**Assigned task:** Make an exact copy of the lines from the one containing "Needles Shirts 7" through the end of the material, including both ends but no pictures.

-- Given data follows --

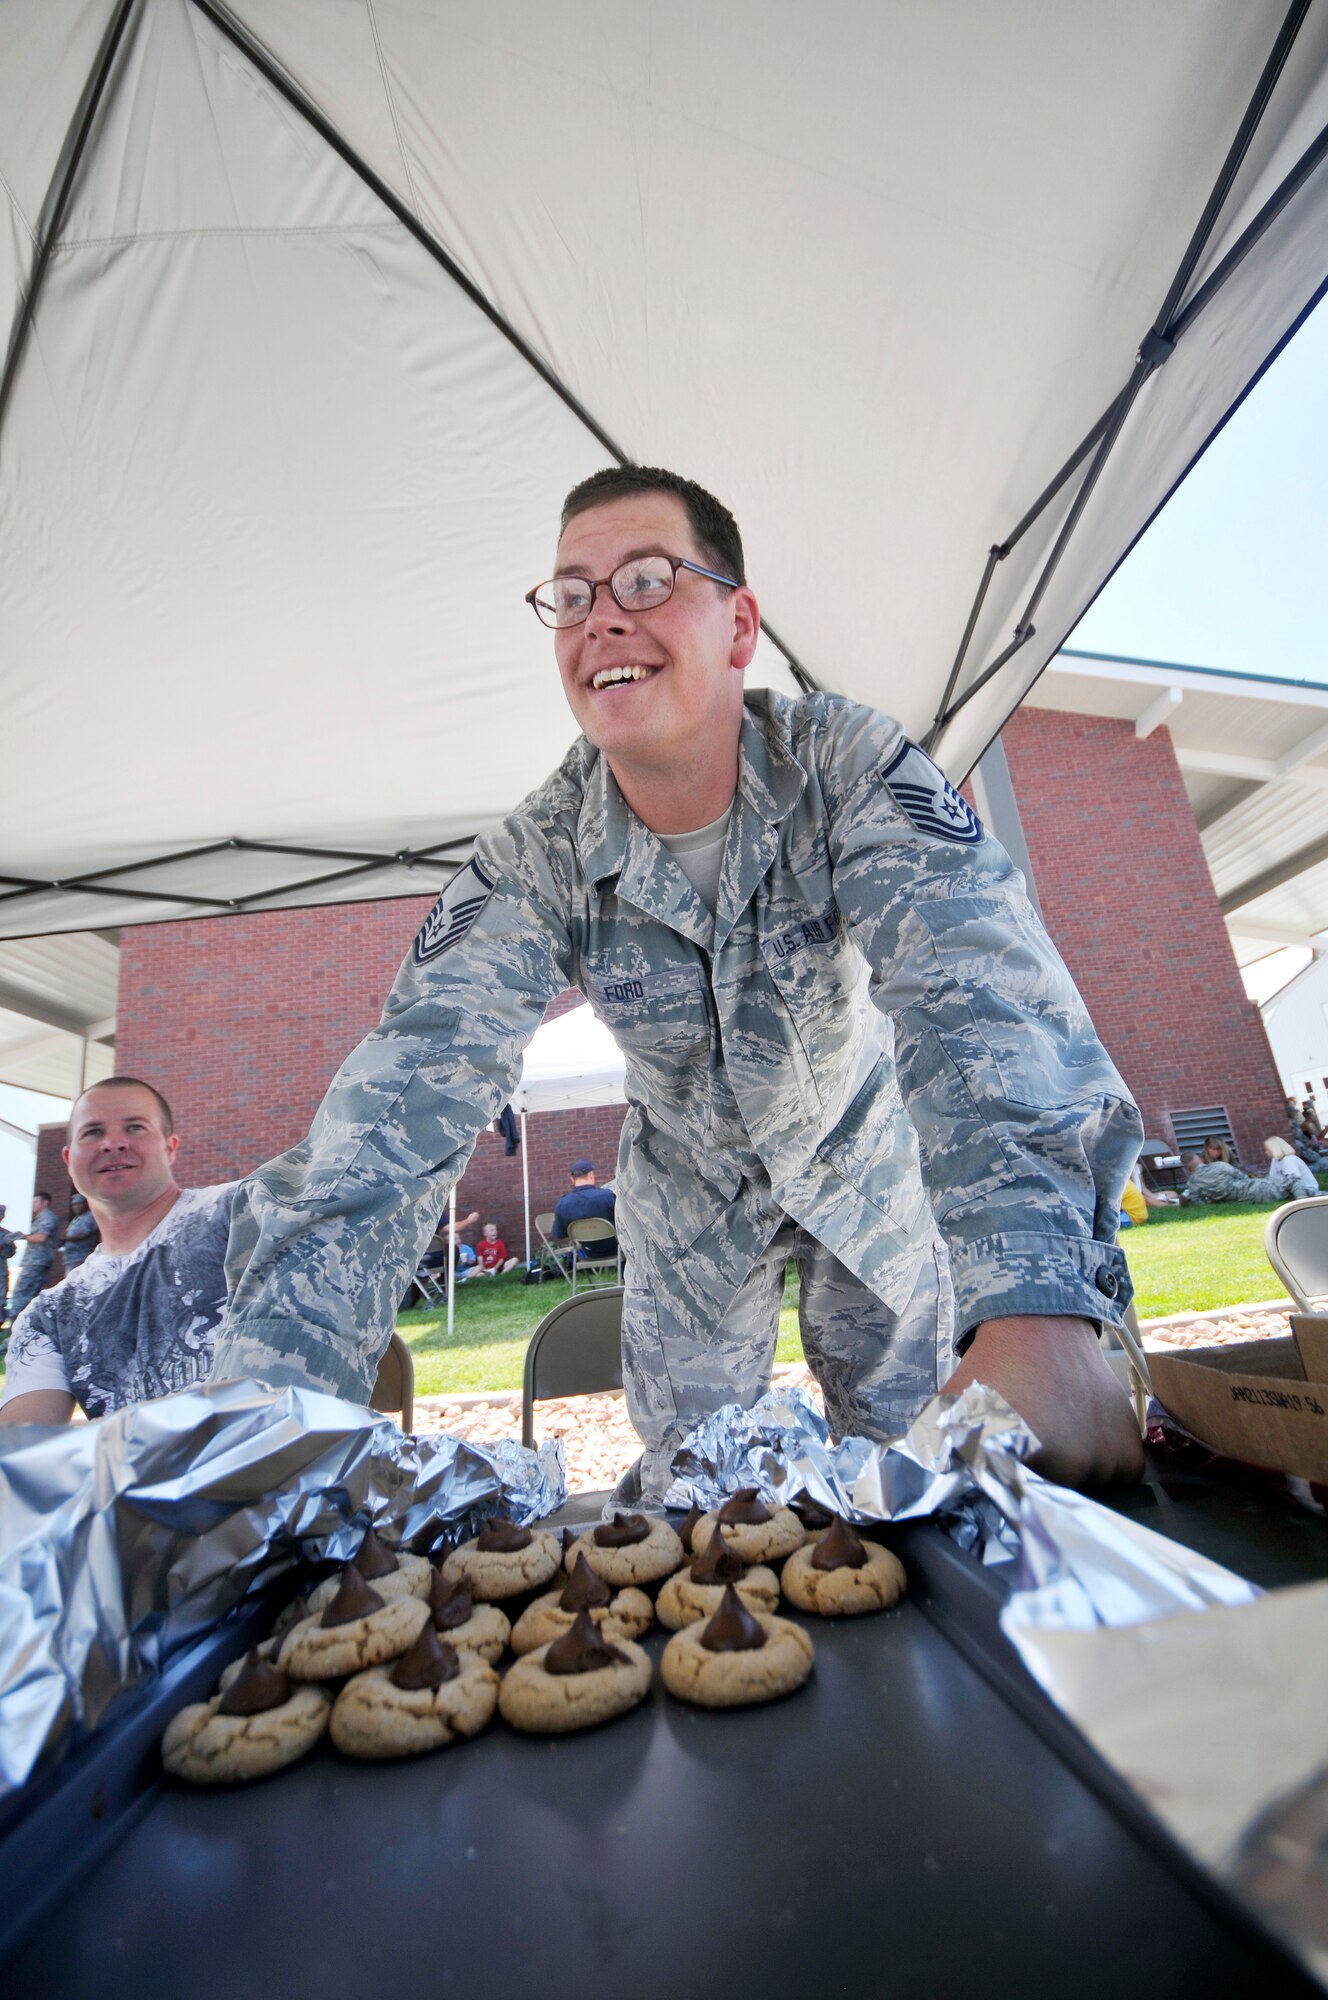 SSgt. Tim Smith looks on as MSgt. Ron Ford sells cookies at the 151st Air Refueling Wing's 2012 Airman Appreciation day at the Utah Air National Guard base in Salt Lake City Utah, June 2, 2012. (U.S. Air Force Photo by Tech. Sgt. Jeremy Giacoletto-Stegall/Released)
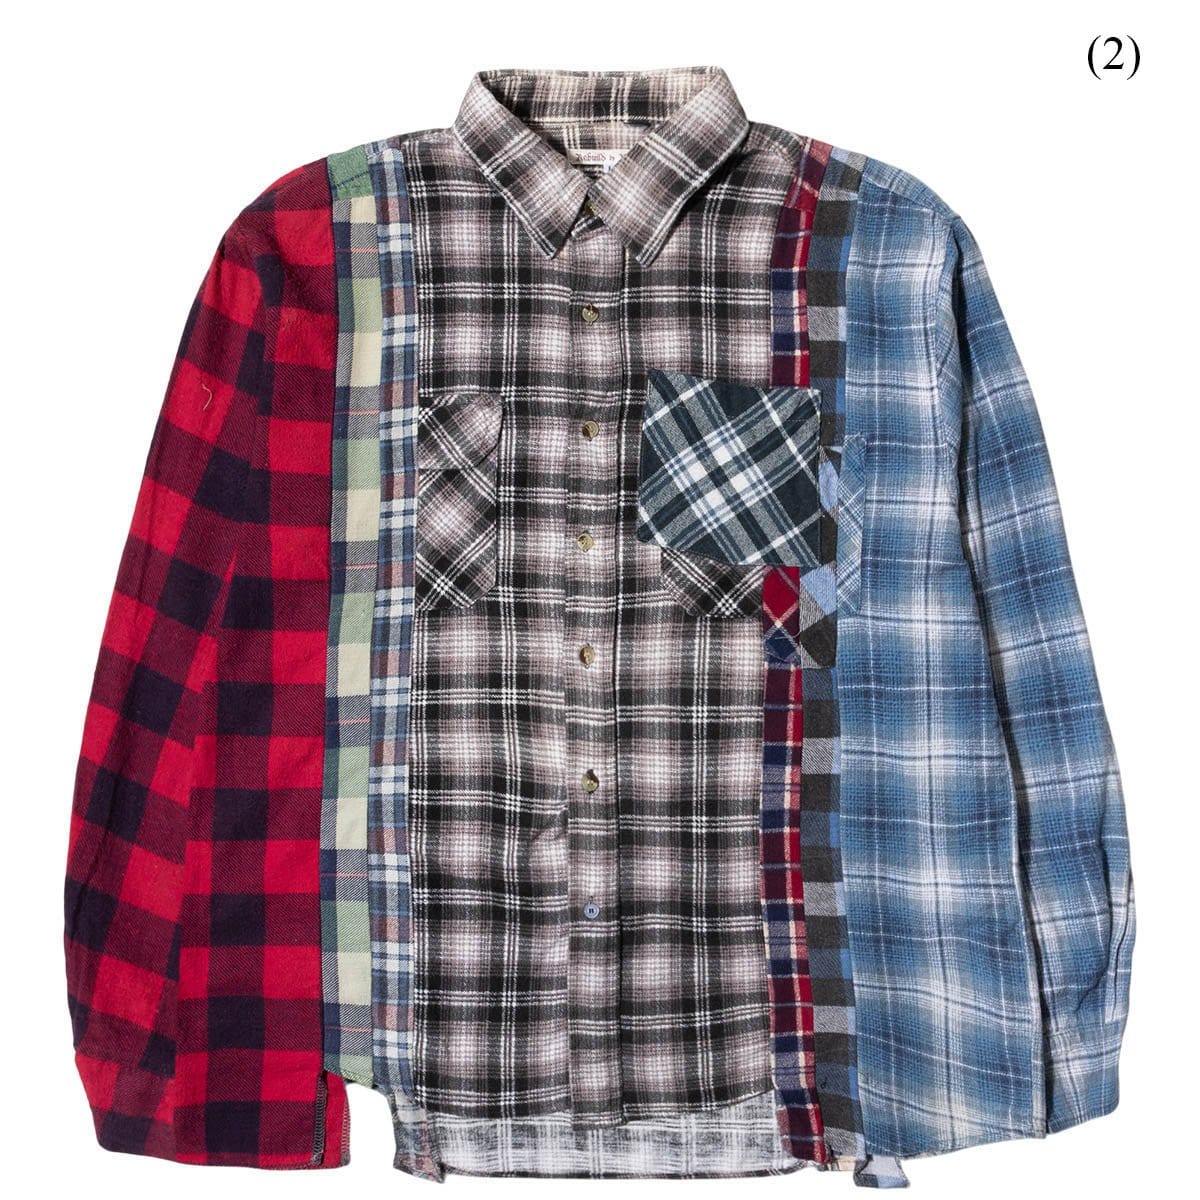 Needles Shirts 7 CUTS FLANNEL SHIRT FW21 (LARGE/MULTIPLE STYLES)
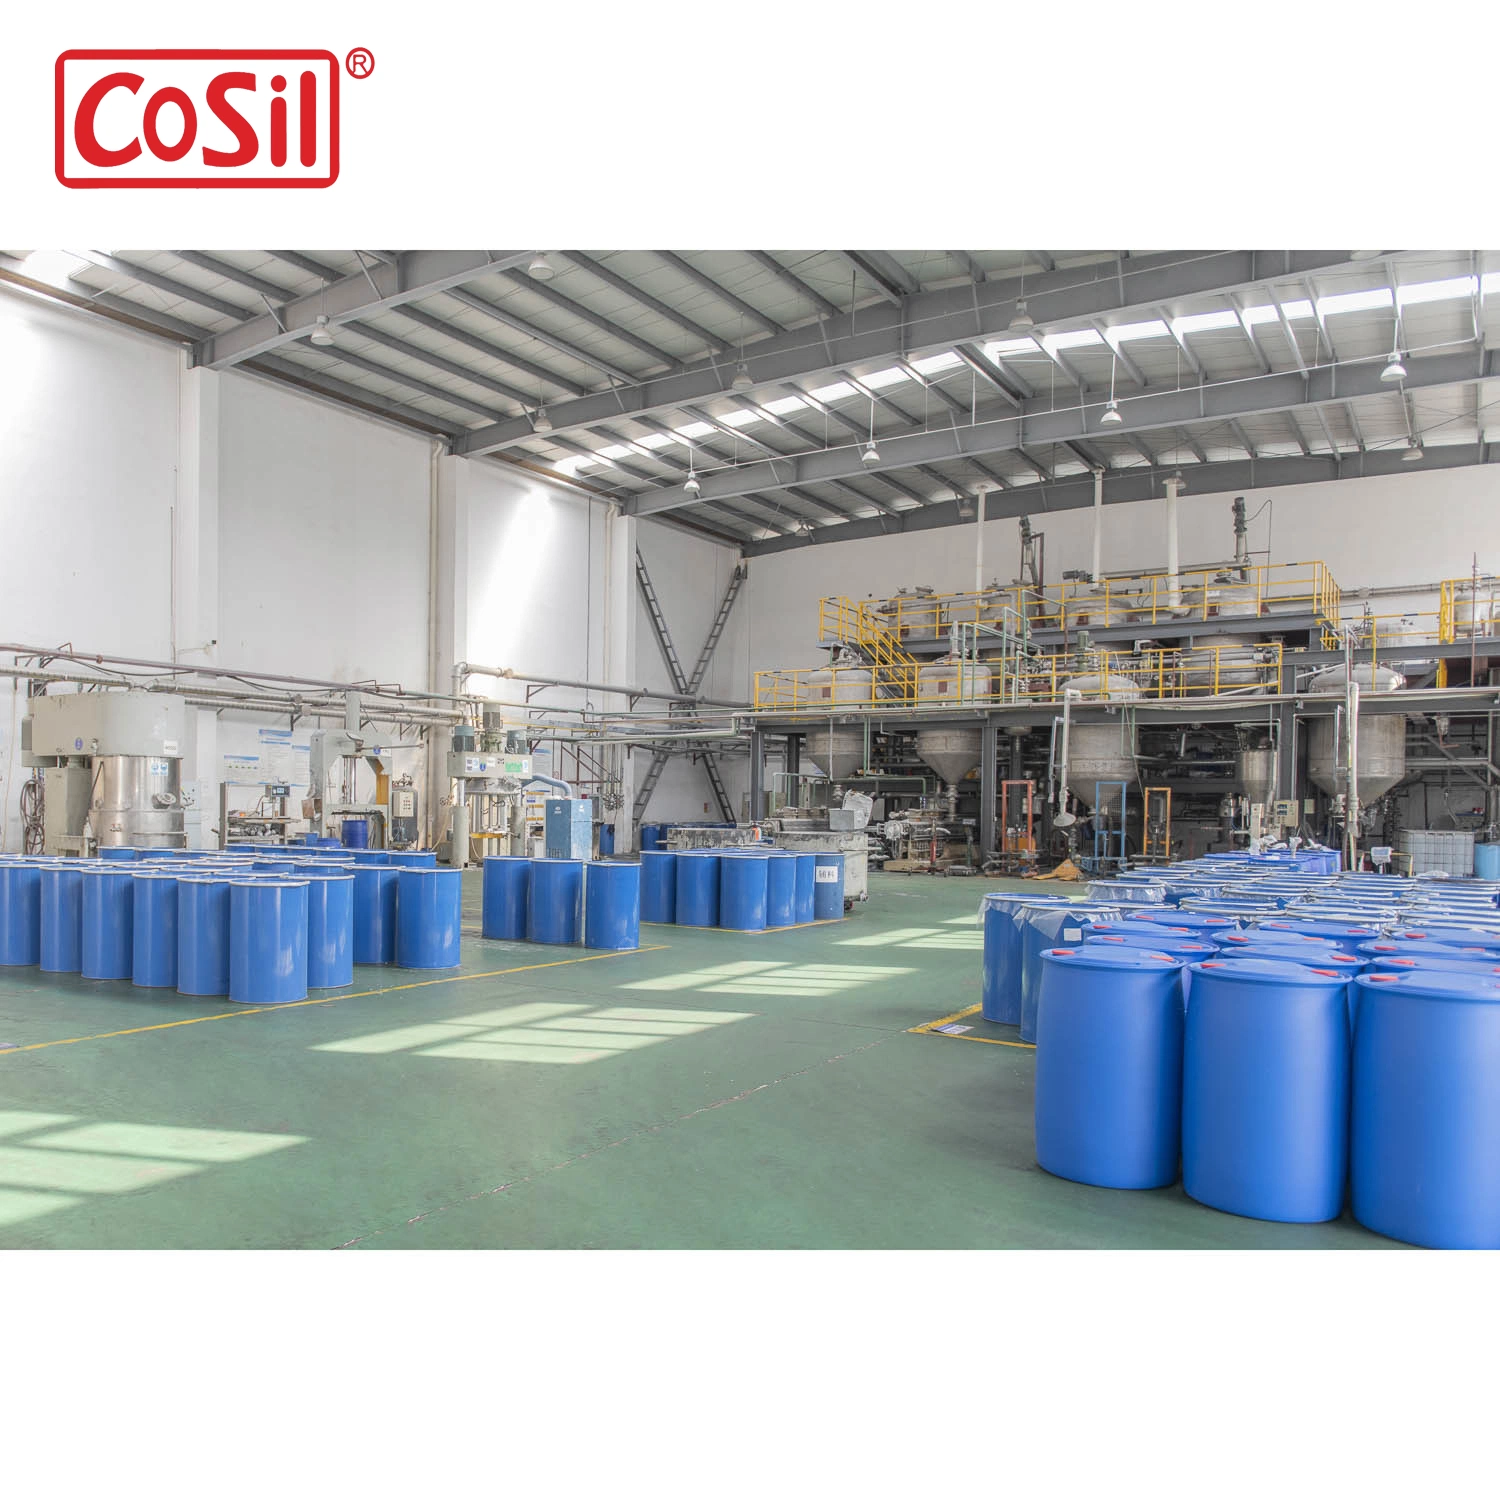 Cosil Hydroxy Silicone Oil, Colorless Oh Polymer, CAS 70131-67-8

-- Given data concluded --

**Response:**
 Needles Shirts 7 CUTS FLANNEL SHIRT FW21 (LARGE/MULTIPLE STYLES)
 Cosil Hydroxy Silicone Oil, Colorless Oh Polymer, CAS 70131-67-8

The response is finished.